"It allows you to inactivate one gene at a time in a cancer cell and then ask what happens," Staudt explained. "We looked simultaneously at thousands of different genes . . . and then asked which one prevents the proliferation and survival of cancer cells."
In this study, the screen identified one gene, IRF4, which surfaced no matter what type of multiple myeloma the investigators looked at.
"Basically, every type of myeloma cell for which we have in vitro models is completely dependent on IRF4, such that, when we inhibit it, they die a swift death within a few days in the lab," Staudt said. "This is better than we hoped."
Interestingly, however, the gene is not mutated when cancer is present. "In the vast majority of cases, there was absolutely nothing different between the IRF4 gene in cancer cells compared to any normal cells," Staudt said. "They were completely normal, yet the cells were totally dependent."
Of course, this begged the question, why?
IRF4 turns out to be a transcription factor, meaning it regulates gene expression -- how a gene produces proteins. In this case, IRF4 regulated the expression of about 35 other genes, including MYC, a well-known cancer-causing gene.

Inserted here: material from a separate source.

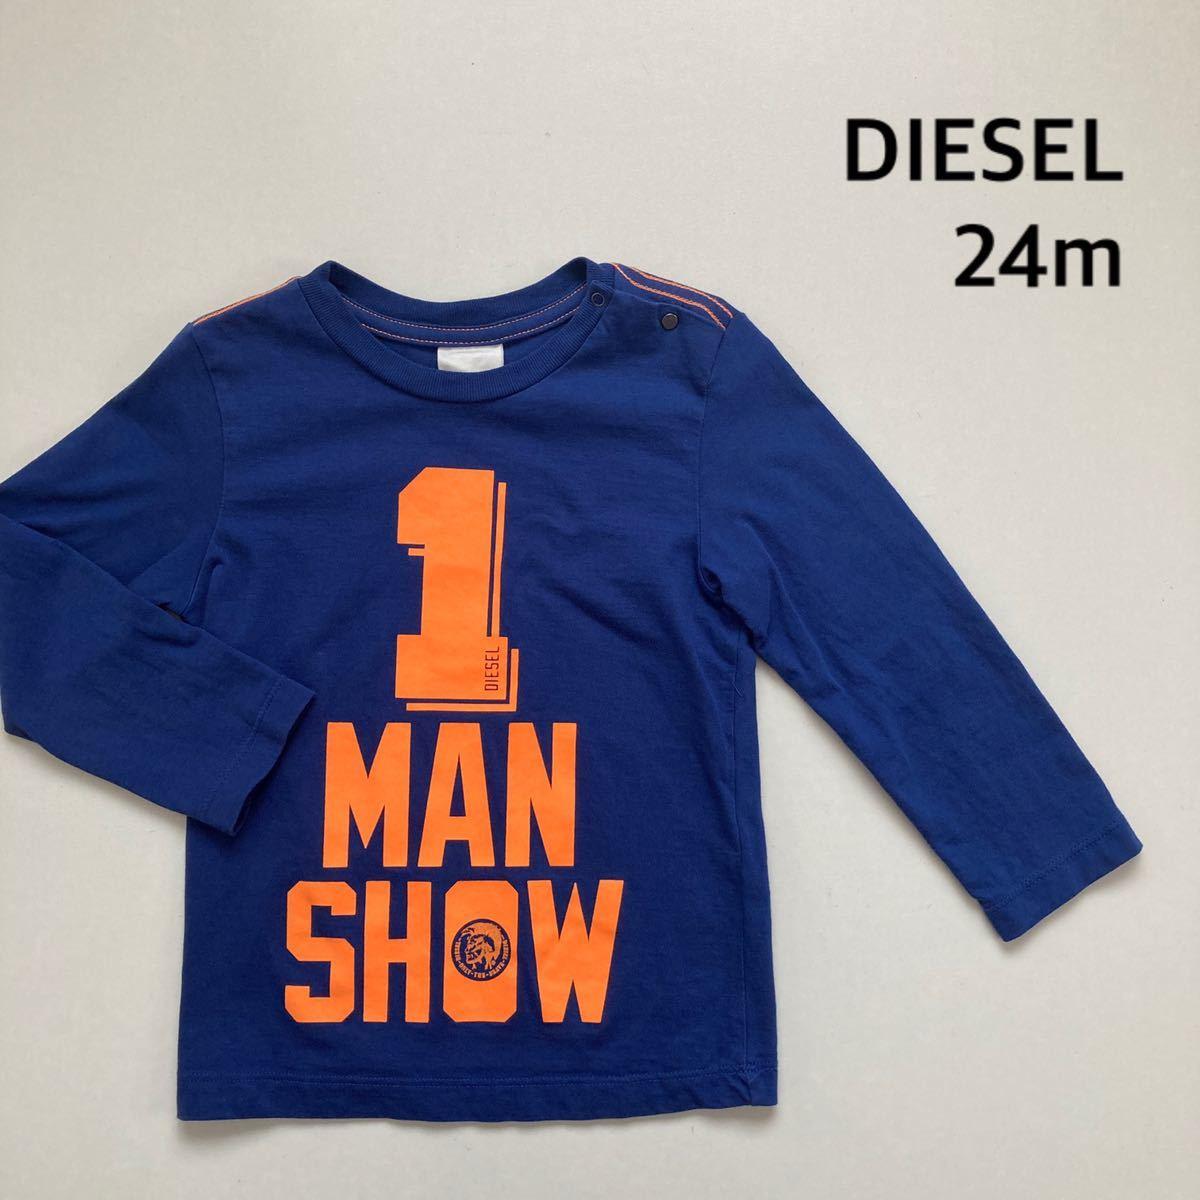 美品★送料無料★ DIESEL ディーゼル 24m (90~) ロンT 長袖Tシャツ

"We found that this IRF4 transcription factor was turning on MYC, which itself is a transcription factor that was turning on IRF4. So, you can see that this is a vicious cycle," Staudt explained. "They cycle out of control, and so this is at least part of how it works."
IRF4 is in charge of so many processes, in fact, that the study authors described knocking it out as "death by a thousand cuts."
"If IRF4 is a master regulator of the working of a myeloma cell, this would be a great drug," Staudt said. "We want people to sit up and take notice of IRF4, because it would be effective across the board in all types of myeloma."